The consolidated financial information as of March 30, 1997 and March 31,
1996 included herein is unaudited but includes all normal recurring adjustments
which, in the opinion of management of the Company, are necessary to present
fairly the consolidated financial position of the Company at March 30, 1997, the
results of its operations for the 26 week periods ended March 30, 1997 and March
31, 1996 and its cash flows for the 26 week periods ended March 30, 1997 and
March 31, 1996. Certain reclassifications have been made to prior year's
financial statements to conform to the current year presentation.

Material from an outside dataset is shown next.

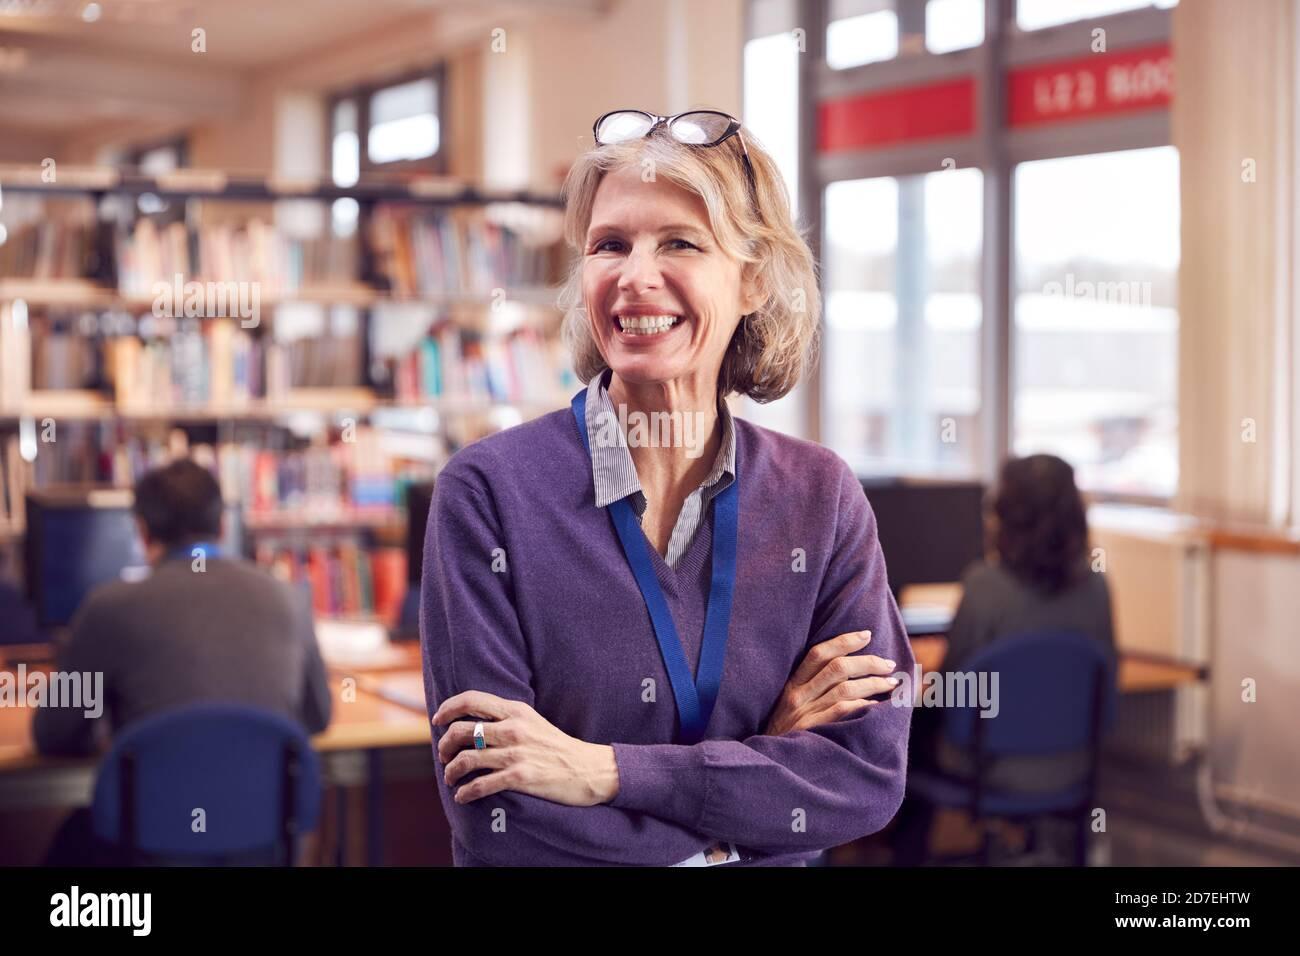 Portrait d'une enseignante ou d'une étudiante d'âge mûr à la bibliothèque avec Autres étudiants étudiant en arrière-plan Banque D'Images

The consolidated financial statements include the accounts of Irvine Sensors
Corporation and its subsidiaries Carson Alexiou Corporation ("CAC"), Novalog,
Inc. ("Novalog"), 3D Microelectronics, Inc. and 3D Microsystems, Inc. All
significant intercompany transactions and balances have been eliminated in
consolidation.
NOTE 2 - CONVERTIBLE SUBORDINATED DEBENTURES
During the first 26 weeks of fiscal 1997, the Company, at the request of bond
holders, converted $2,850,000 of outstanding 8% Convertible Subordinated
Debentures at varying rates into 2,126,100 shares of the Company's common stock.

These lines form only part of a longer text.